1. Rystad Energy is an independent energy research company providing data, analytics, and consultancy services to clients around the globe. Its Gas and LNG Markets Solution provides an overview of LNG markets worldwide. The Solution covers the entire value chain associated with gas and LNG production, country and sector-level demand, and LNG trade flows, infrastructure, economics, costs, and contracts through 2050. It allows for the evaluation of the entire LNG market infrastructure, including future planned projects, as well as the benchmarking of costs for LNG projects (Rystad Energy, 2024).

Comparison of LNG project FOB cost break-even (full cycle)

Figure 3 provides a comparison of the free-on-board (FOB) cost break-even for LNG facilities under construction or being planned in North America. FOB break-even costs include upstream and midstream costs for LNG excluding transportation costs (shipping) as seen from the current year. Break-even prices assume a discount rate of 10 percent and represent the point at which the net present value for an LNG project over a 20- to 30-year period becomes positive, including the payment of capital and operating costs, inclusive of taxes.

Among the selected group of North American LNG projects are Canadian LNG projects with an FOB break-even at the lower end of the range (US$7.18 per thousand cubic feet (kcf)) to those at the higher end (US$8.64 per thousand cubic feet (kcf)).

LNG projects in the United States tend to settle in the middle of the pack, with FOB break-even between US$6.44 per kcf and US$8.37 per kcf.

Mexico LNG projects have the widest variation in costs among the selected group of projects, ranging from US$6.94 per kcf to US$9.44 per kcf (see Figure 3).

Source: Derived from Rystad Energy, Gas and LNG Markets Solution.

Total costs by project for LNG delivery to Asia and Europe

The total cost by LNG plant includes FOB cost break-even, transportation costs, and the regasification tariff. Figure 4 compares total project costs for LNG destined for Asia from selected North American LNG facilities.
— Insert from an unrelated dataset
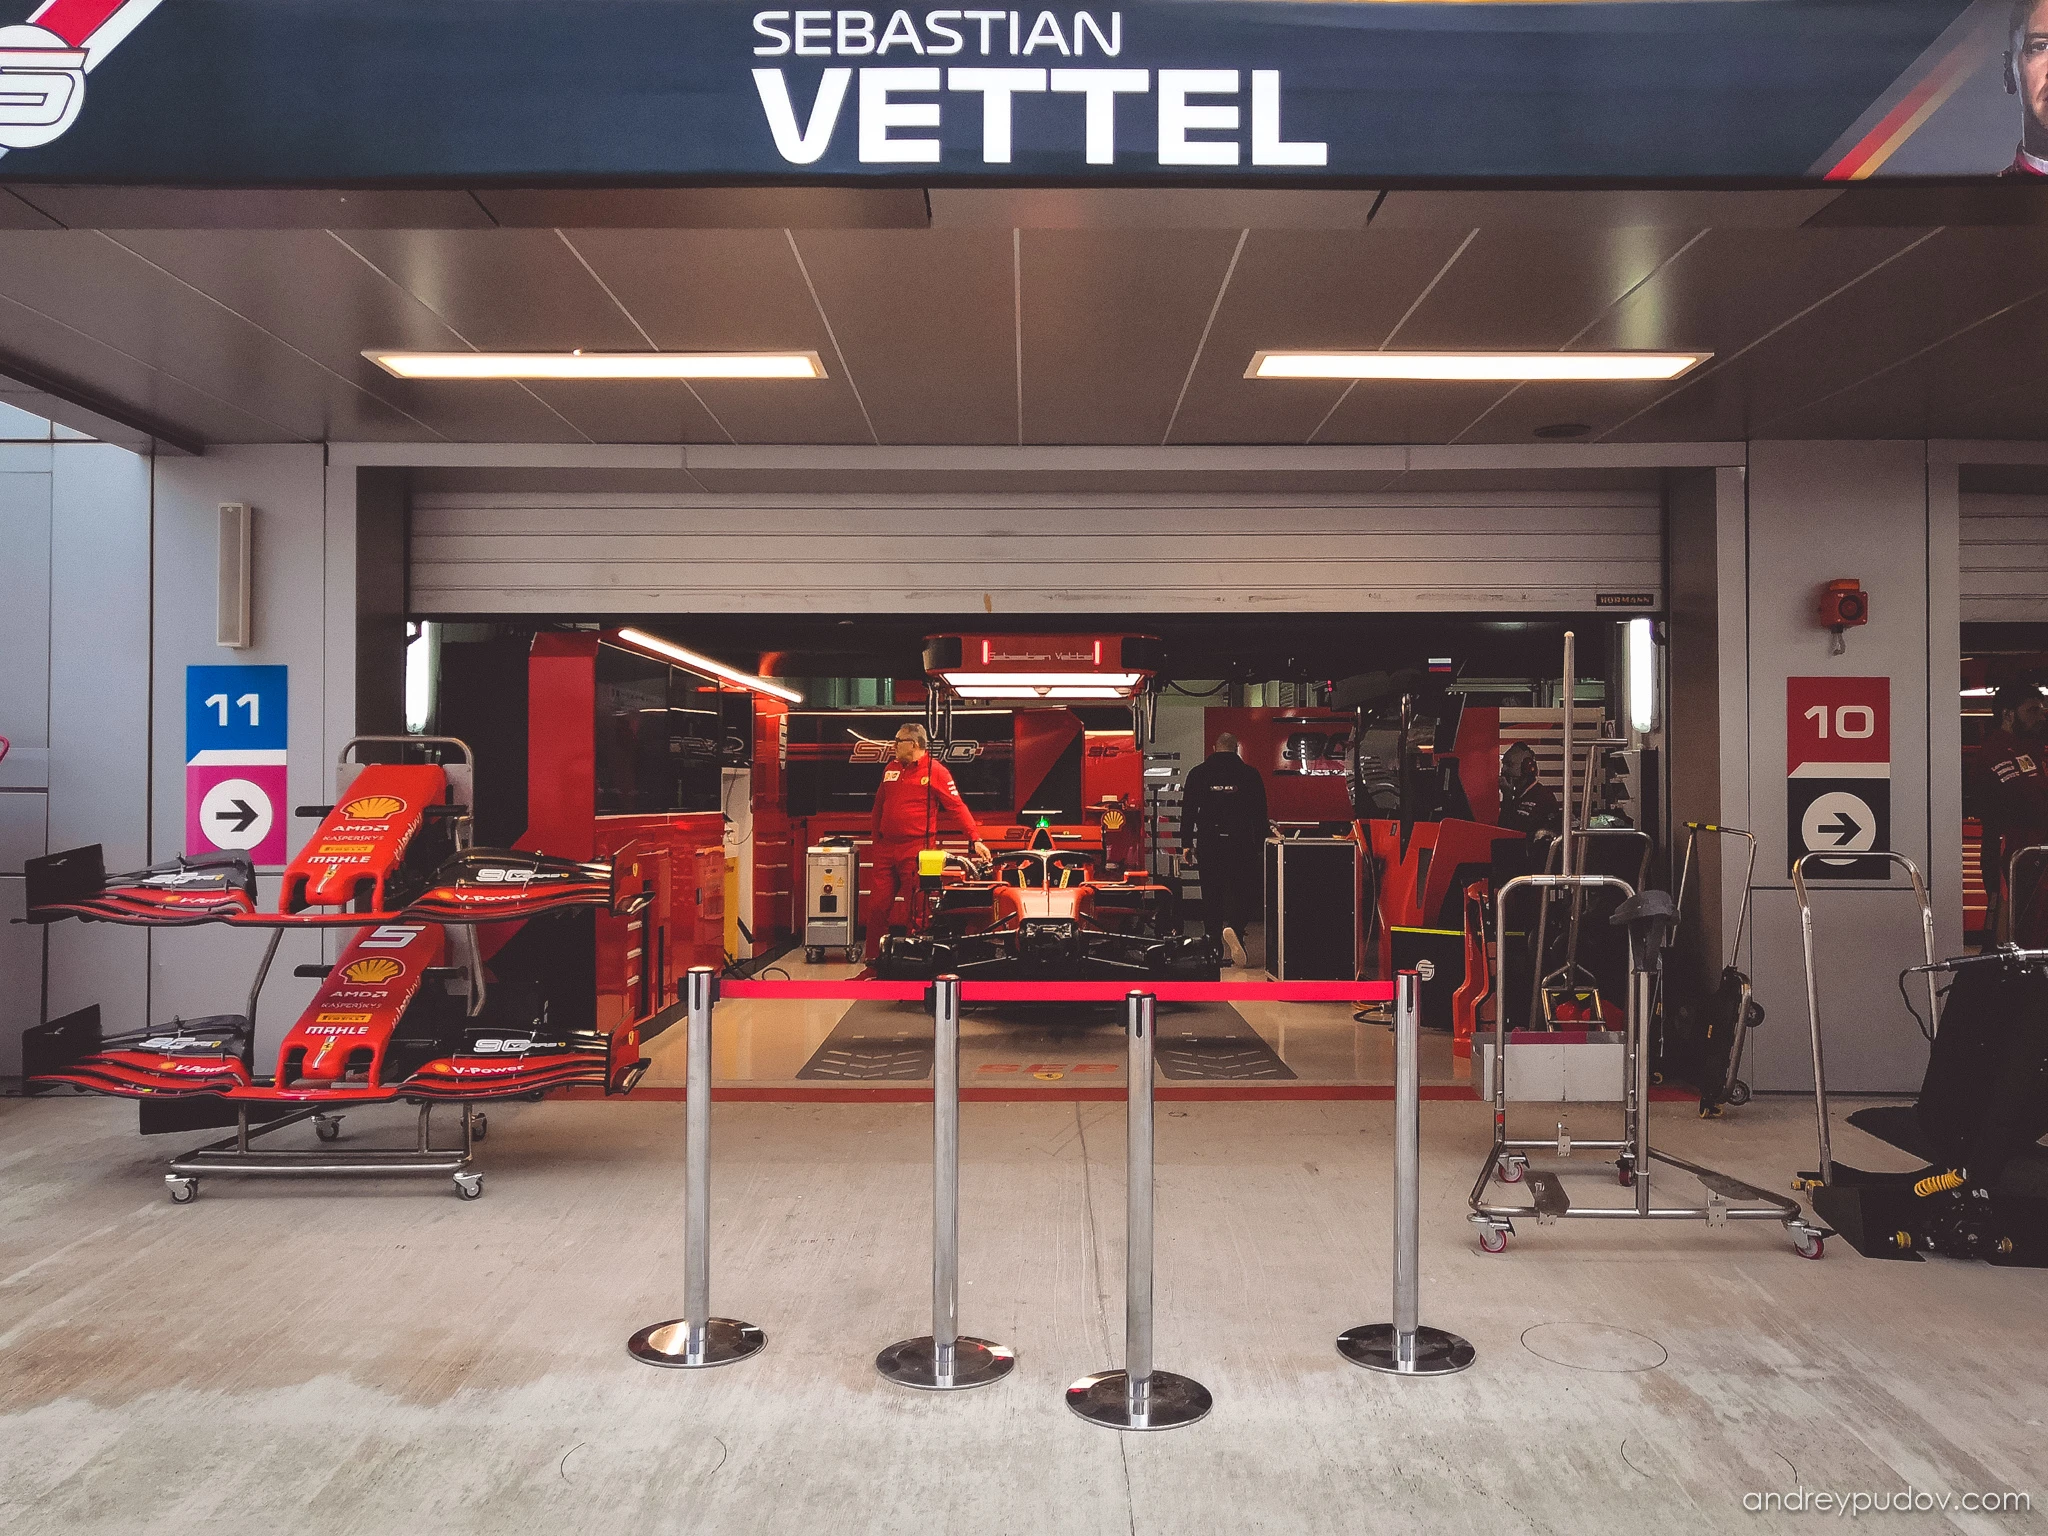 2019 Formula 1 Russian Grand Prix - The box of the Scuderia Ferrari

Canadian LNG projects are very cost competitive, and those with Asia as their intended market tend to cluster at the lower end of the scale. The costs vary by project, but range between US$8.10 per kcf and US$9.56 per kcf, making Canadian LNG projects among the lowest cost projects in North America.

The costs for Mexico’s LNG projects with Asia as the intended destination for their product tend to cluster in the middle of the pack. Costs among U.S. LNG facilities that plan to send their product to Asia tend to sit at the higher end of the scale, at between US$8.90 and US$10.80 per kcf.

Source: Derived from Rystad Energy, Gas and LNG Markets Solution.

Figure 5 compares total project costs for LNG to be delivered to Europe from select North American LNG facilities.

Costs from U.S. LNG facilities show the widest variation for this market at between US$7.48 per kcf and US$9.42 per kcf, but the majority of U.S. LNG facilities tend to cluster at the lower end of the cost scale, between US$7.48 per kcf and US$8.61 per kcf (see Figure 5).

Canadian projects that intend to deliver LNG to Europe show a variety of costs that tend to cluster at the middle to higher end of the spectrum, ranging from US$9.60 per kcf to and US$11.06 per kcf.

The costs of Mexico’s projects that are aimed at delivering LNG to Europe tend to cluster in the middle of the spectrum (US$9.11 per kcf to US$10.61 per kcf).

Source: Derived from Rystad Energy, Gas and LNG Markets Solution.

Conclusion

LNG markets are complex. Each project is unique and presents its own challenges. The future of Canadian LNG projects depends upon the overall demand and supply in the global LNG market. As the demand for LNG increases in the next decades, the world will be searching for energy security.

The lower liquefaction and shipping costs coupled with the lower cost of the natural gas itself in Western Canada translate into lower prices for Canadian LNG, particularly that destined for Asian markets. Those advantages will help make Canadian LNG very competitive and attractive to markets worldwide.